[XOM-interest] Streaming Serializer

Discussion:

Bruno Oliveira

2010-04-12 18:46:34 UTC

Hi,
I am using the serializer object of XOM API, but when i try to serialize
large xml files, my VM don't have enough memory. How can i use the
serializer object in streaming mode?

Best regards

Kevin S. Clarke

2010-04-12 19:39:17 UTC

Permalink

This might interest you (depending on the structure of your XML)...
take a look at the second solution:

http://stackoverflow.com/questions/967288/how-to-stream-xml-data-using-xom

Kevin

On Mon, Apr 12, 2010 at 2:46 PM, Bruno Oliveira

Post by Bruno Oliveira
Hi,
I am using the serializer object of XOM API, but when i try to serialize
large xml files, my VM don't have enough memory. How can i use the
serializer object in streaming mode?
Best regards
_______________________________________________
XOM-interest mailing list
XOM-interest at lists.ibiblio.org
http://lists.ibiblio.org/mailman/listinfo/xom-interest

Elliotte Rusty Harold

2010-04-13 20:30:38 UTC

Permalink

I never really planned for streaming serialization because I didn't
think it was very useful. However people seem to keep asking for it,
so maybe it's time to think about this.

It's not obvious to me what this would look like. Maybe

serializer.startDocument("rootElement name")
serializer.write(node)
serializer.write(node)
serializer.write(node)
serializer.write(node)
...
serializer.endDocument()

Are you able to hold the document in memory but run out of memory only
when you serialize? Or is something else going on here?

--
Elliotte Rusty Harold
elharo at ibiblio.org

Ian Phillips

2010-04-13 22:15:54 UTC

Permalink

Haven't really given this much thought, but off the top of my head?

Post by Elliotte Rusty Harold
I never really planned for streaming serialization because I didn't
think it was very useful. However people seem to keep asking for it,
so maybe it's time to think about this.

Maybe like this:

serializer.startDocument("rootElement name")
for (int i = 0; i < 1000000000; ++i) {
serializer.write(createNodeWithRandomContent());
}
serializer.endDocument()

?

Or maybe with something that has an efficient (== small) in memory representation but an inefficient (== defined by an external standard) XML representation?

I'm not sure, but I can think of examples where it would be useful.

Also, perhaps, writing out the contents of a DB (embedded or otherwise) to disk in XML format - what happens if the DB is fairly large?

Cheers,
Ian.

#ifndef __COMMON_SENSE__ | Ian Phillips
#include <std_disclaimer> | ianp at ianp.org
#endif | http://ianp.org/

Peter Stibrany

2010-04-14 05:44:44 UTC

Permalink

I use XML streaming when sending results while result are still being
computed. This computation takes some time and can produce lot of
results, but as soon as few results are available, I start streaming
them to the client, and client can then show it in the UI. Both client
and server use XOM. Server simply sends root element and then element
(with mixed content) for each result. Client uses own NodeFactory
subclass to parse and "report" partial results to the upper layer. It
works very well on both sides. Server doesn't need to keep results in
the memory, and for client it isn't all-or-nothing.

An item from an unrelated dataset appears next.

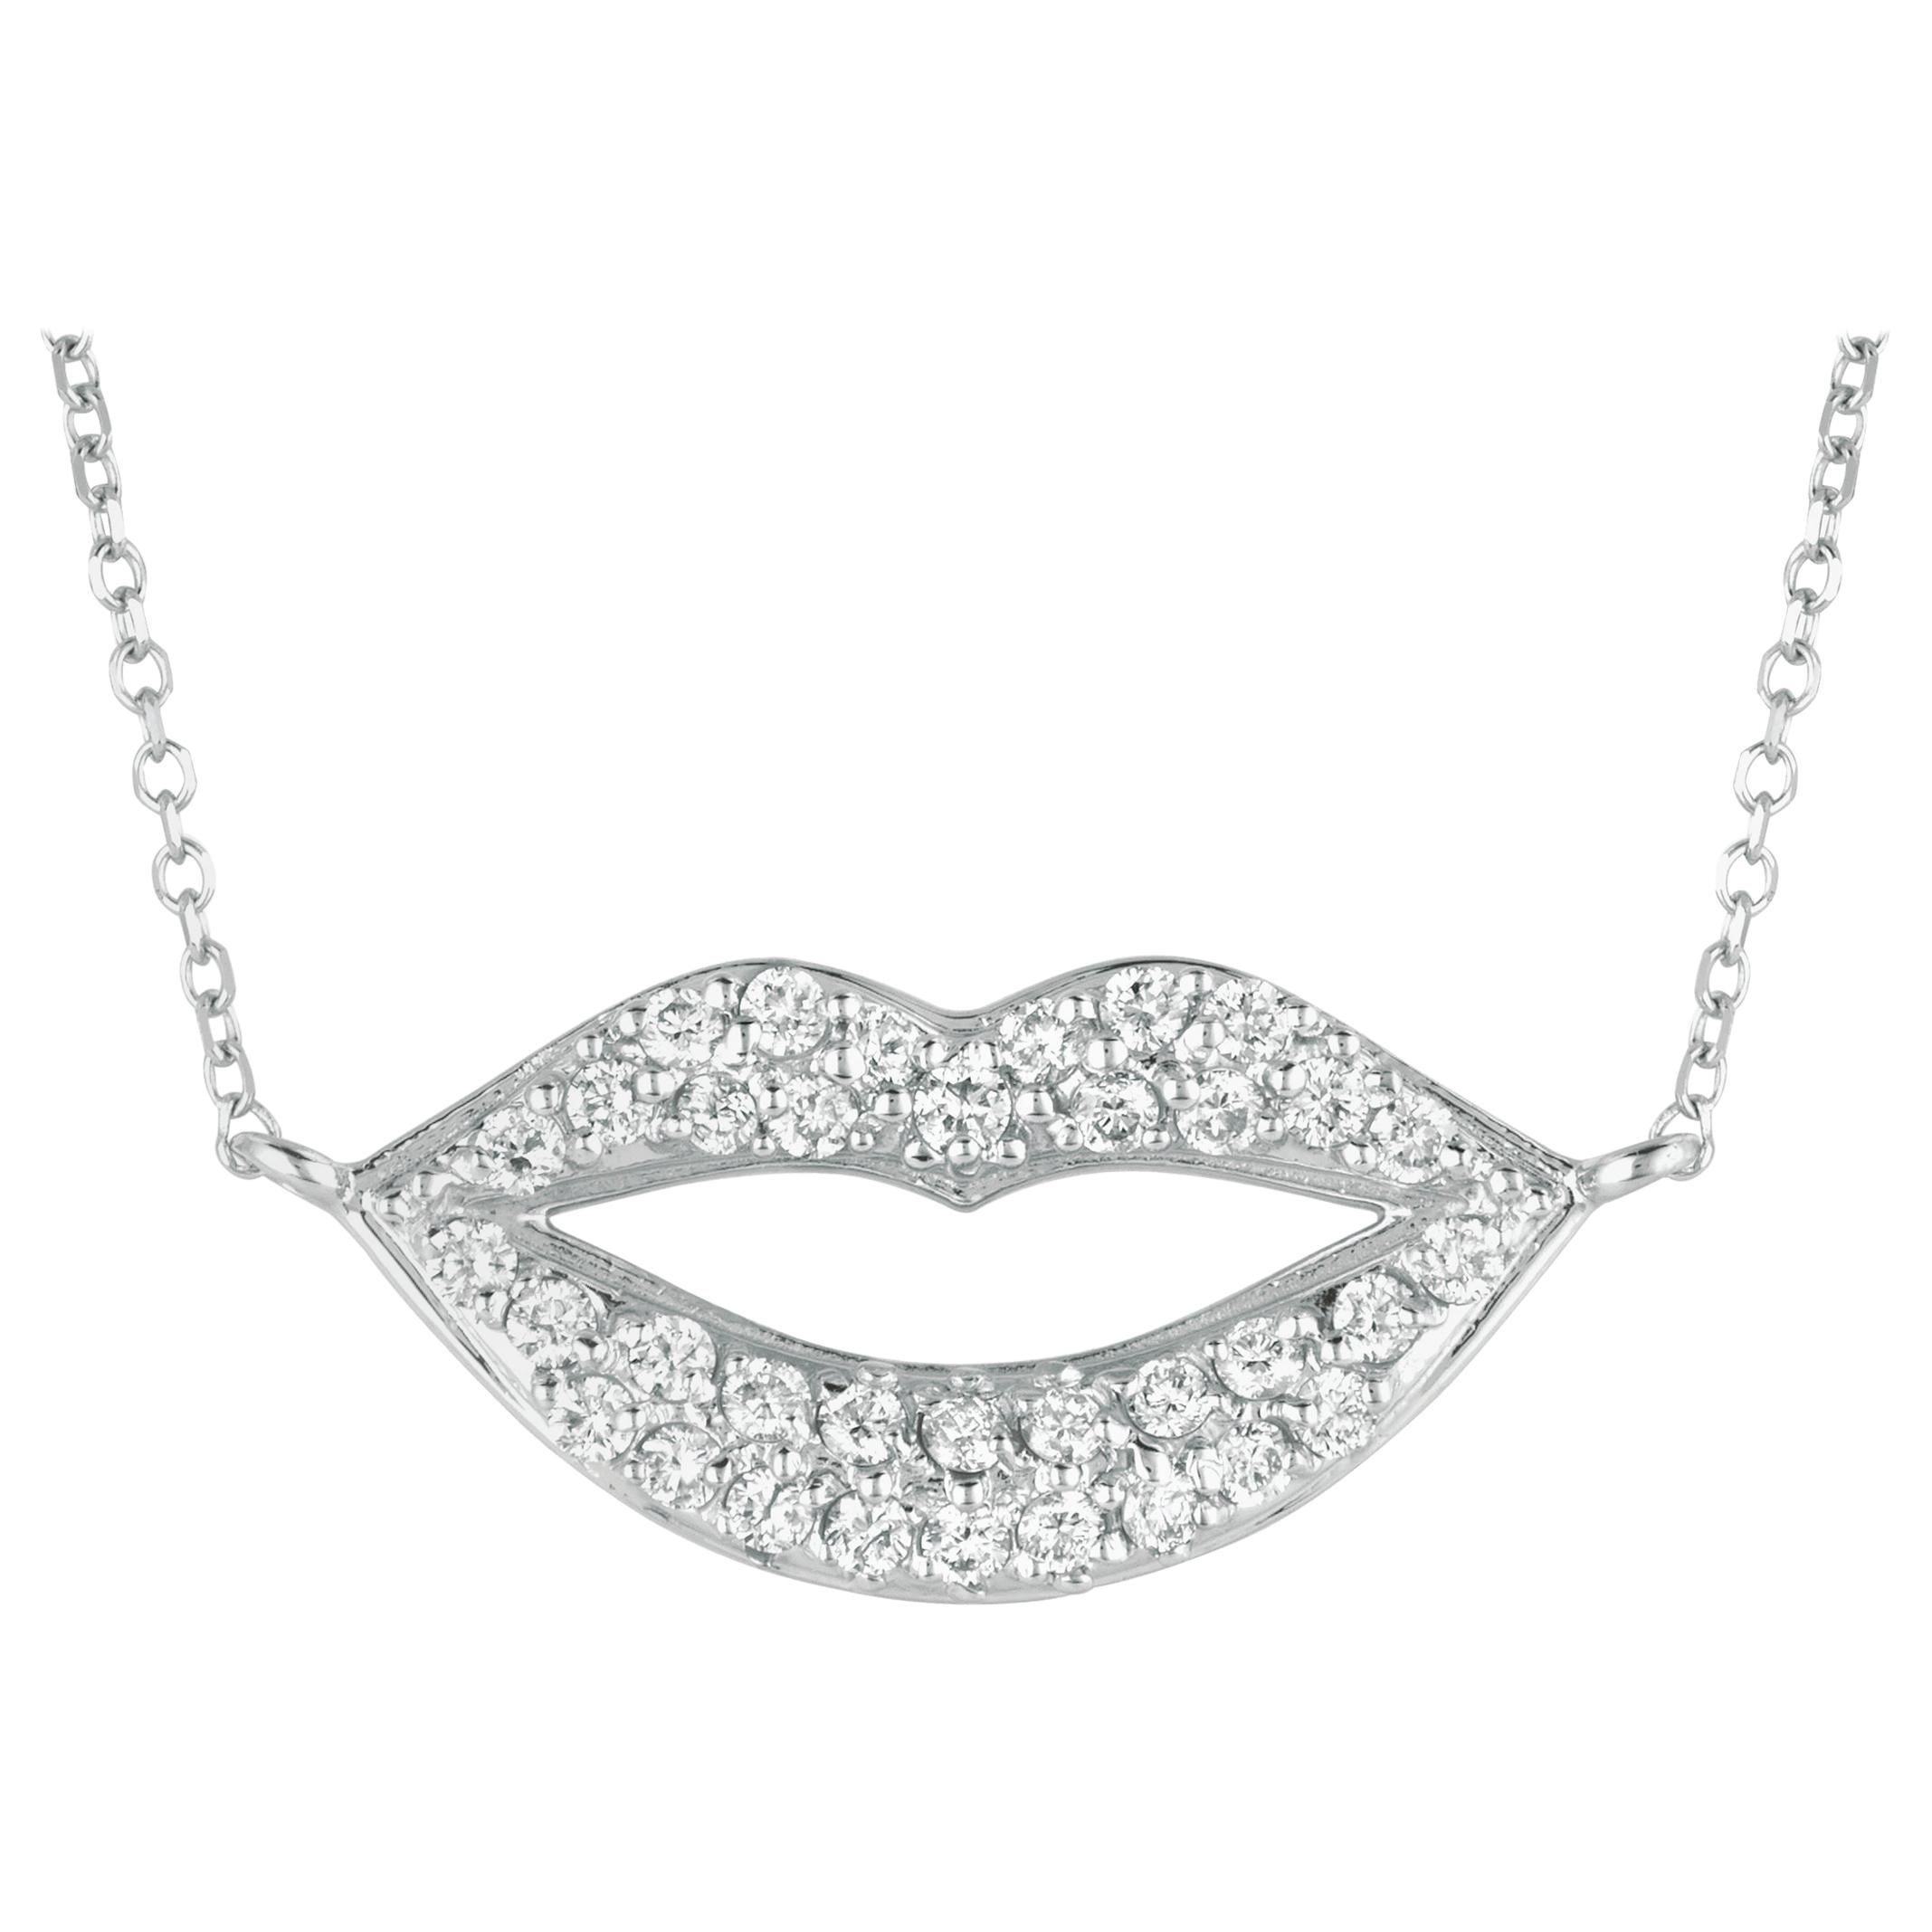 0.35 Carat Natural Diamond Lips Necklace 14 Karat White Gold G SI Chain

As for API, simple writeXMLDeclaration, writeStartTag/writeEndTag (for
root element), write(Element) and flush() worked fine for me.

I had bigger problems with NodeFactory which has only
startMakingElement(String name, String namespace) -- at this point,
attributes are not yet known, and finishMakingElement(Element element)
-- at this point, entire element content is built. My code needed to
react to attributes in root element, but at no point do you get element
with attributes only, without building entire element content.

-Peter

Post by Ian Phillips
Haven't really given this much thought, but off the top of my head?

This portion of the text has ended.